In [5]:
# Install: pip install transformers torch pillow

import torch
from transformers import pipeline, BlipProcessor, BlipForConditionalGeneration, CLIPModel, CLIPProcessor
from PIL import Image

# Load models
print("Loading models...")
caption_processor = BlipProcessor.from_pretrained("Salesforce/blip-image-captioning-base")
caption_model = BlipForConditionalGeneration.from_pretrained("Salesforce/blip-image-captioning-base")

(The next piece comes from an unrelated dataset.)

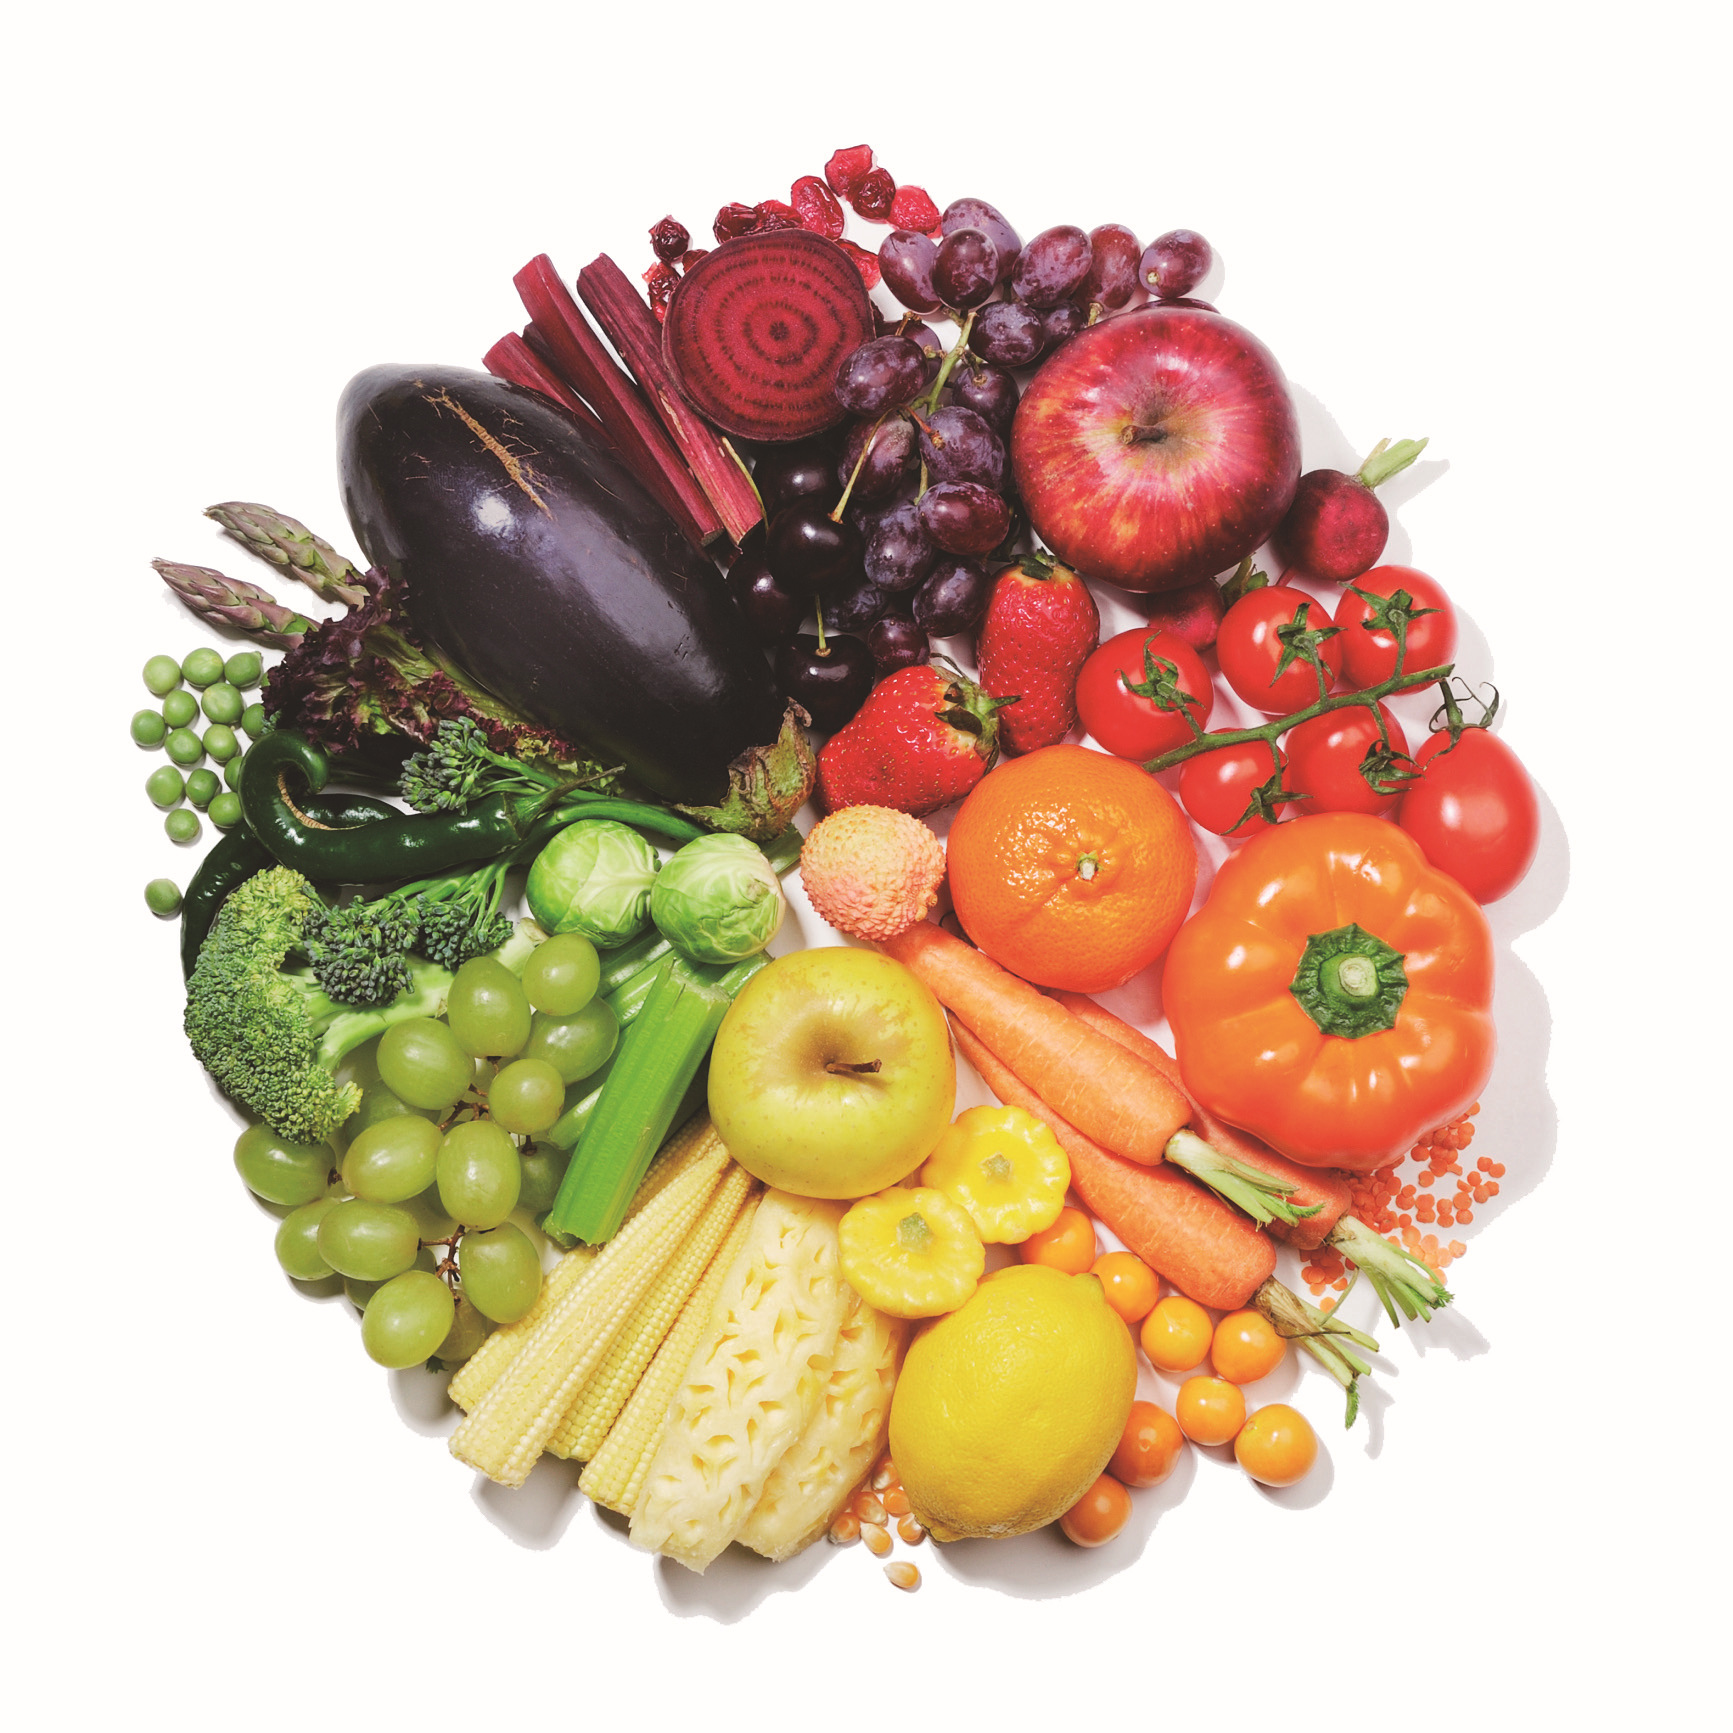 Овощи фрукты форум. Овощи и фрукты. Разные фрукты и овощи. Здоровая еда. Obishi i frukti.

clip_model = CLIPModel.from_pretrained("openai/clip-vit-base-patch32")
clip_processor = CLIPProcessor.from_pretrained("openai/clip-vit-base-patch32")

text_classifier = pipeline("zero-shot-classification", model="facebook/bart-large-mnli")

print("✅ Models loaded!")

# Your inputs
image_path = r"C:\Users\AbdulRahman\Desktop\tst1.jpg"
user_text = "Amazing romantic dinner! #restaurant #romantic #datenight"

print(f"📸 Image: {image_path}")
print(f"💬 User text: {user_text}")

Loading models...
✅ Models loaded!
📸 Image: C:\Users\AbdulRahman\Desktop\tst1.jpg
💬 User text: Amazing romantic dinner! #restaurant #romantic #datenight


In [6]:
# Load and analyze image
image = Image.open(image_path).convert('RGB')

# Step 1: Get image description using BLIP
print("🔍 STEP 1: Image Description")
print("-" * 40)

inputs = caption_processor(image, return_tensors="pt")
out = caption_model.generate(**inputs, max_length=50)
image_description = caption_processor.decode(out[0], skip_special_tokens=True)

print(f"🤖 AI sees in image: '{image_description}'")

# Step 2: Visual classification using CLIP
print(f"\n🔍 STEP 2: Visual Classification Scores")
print("-" * 40)

# Define visual labels
visual_labels = [
    "a restaurant with dining tables",
    "a coffee shop or cafe", 
    "a bar with drinks",
    "a fitness gym with equipment",
    "a spa or beauty salon",
    "a retail store with products",
    "romantic atmosphere with candles",
    "family place with kids",
    "trendy modern design",
    "casual comfortable setting",
    "upscale elegant venue"
]

visual_results = {}

for label in visual_labels:
    # Use CLIP to score image against each visual description
    inputs = clip_processor(
        text=[label, "something completely different"],
        images=[image, image],
        return_tensors="pt",
        padding=True
    )
    
    with torch.no_grad():
        outputs = clip_model(**inputs)
        probs = outputs.logits_per_image.softmax(dim=-1)
        score = probs[0, 0].item()  # Score for the positive label
    
    # Clean label name
    clean_name = label.replace("a ", "").replace(" with", "").split()[0].title()
    if "romantic" in label:
        clean_name = "Romantic"
    elif "family" in label:
        clean_name = "Family"
    elif "trendy" in label:
        clean_name = "Trendy"
    elif "casual" in label:
        clean_name = "Casual"
    elif "upscale" in label:
        clean_name = "Upscale"
    
    visual_results[clean_name] = round(score, 3)
    print(f"   {clean_name}: {score:.3f}")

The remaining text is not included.